This lab was developed using the DM6443 Cycle Accurate Simulator and C6000 Compiler version 6.1.5. Cycle counts you see should be similar, though not exactly the same, to those shown here.

The initial results printed are: benchmark results : 15392593

After each of the steps given below, build and run to see the improvement.

Step 1: Build Options

Add these options:

  • -o2 : Optimization level 2
  • -s : Place optimizer generated comments in the assembly output
  • -mw : Place extra information about software pipeline loops in the assembly output
  • -mo : Place each section in its own sub-section

Remove this option:

  • -g : Generate debug information

Motivation for these option changes is given in the application note Hand-Tuning Loops and Control Code on the TMS320C6000 spra666 section 3.1.

Cycle count improves to 2757296.

Step 2: Change Type of sum

Make these source changes:

  • Insure <stdint.h> is included
  • Change type of sum from long long to int40_t

When the type of sum is long long (64-bits), the compiler must allocate a sequential register pair (like A5:A4) to contain it. This increases the number of registers the compiler must manage overall.
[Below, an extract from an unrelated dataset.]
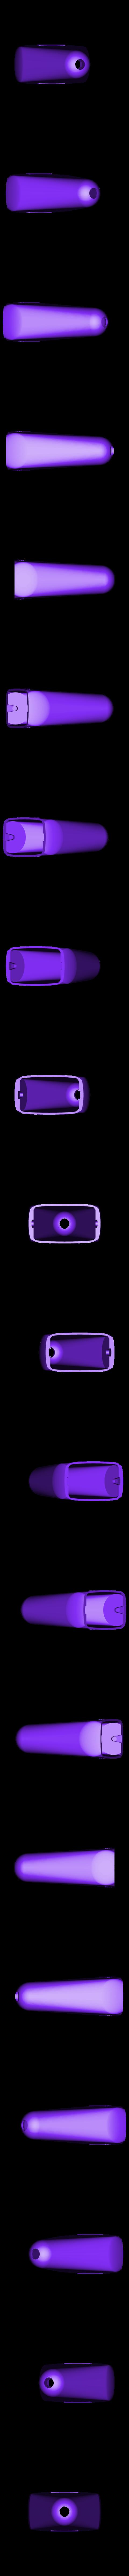 CaseV2_Vigorun_Y3-body.stl Download free STL file Customizable Case for Bluetooth Earbuds V2 • Design to 3D print, dede67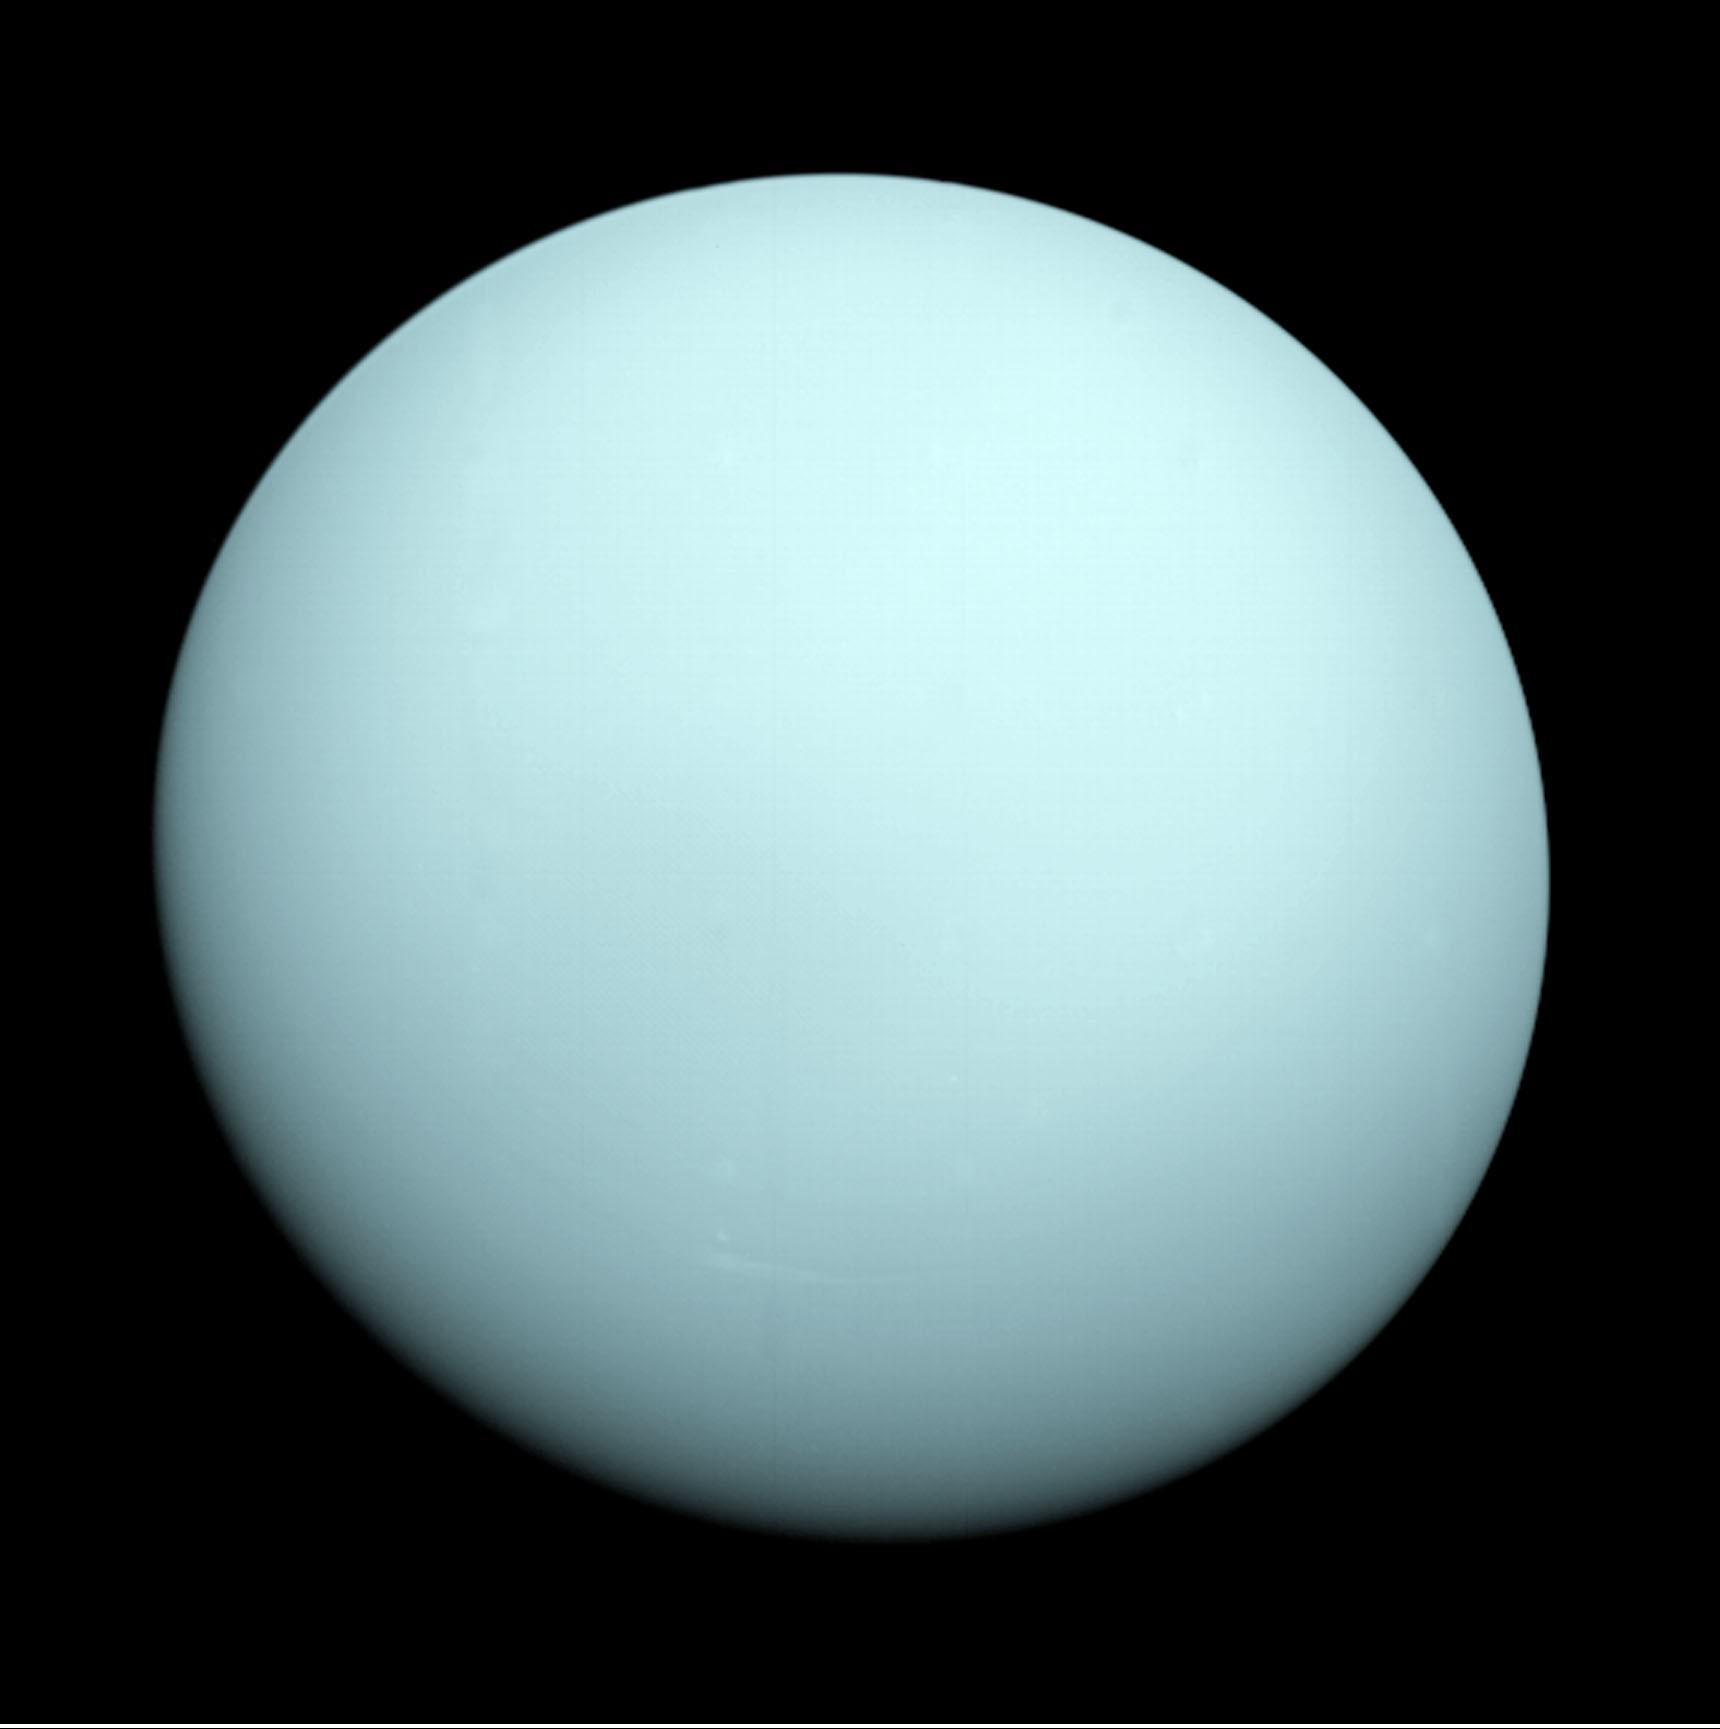 Фотография урана с аппарата вояджер 2

In this case, it causes the compiler to make some poor register allocation decisions that lead to a loop carried dependency. It is better to use a type that can be contained in a single register. This becomes even more important when, in the next 2 steps, loop unrolling creates multiple copies of sum.

Use the int40_t type, defined in <stdint.h>, to indicate that a 40-bit wide type is needed. Of course, insure none of your results exceed 40-bits.

If your results permit, you could also use int32_t, and see similar improvement.

Cycle count improves to 1973988.

Step 3: Unroll and Jam

Make these source changes:

  • Add restrict keyword to pointers pdFirst and pdSecond
  • Add #pragma MUST_ITERATE(2,,2) to the outer loop
  • Add #pragma MUST_ITERATE(1) to the inner loop

The point of these changes is to enable an optimization called unroll and jam. This optimization exposes more parallelism in the inner loop.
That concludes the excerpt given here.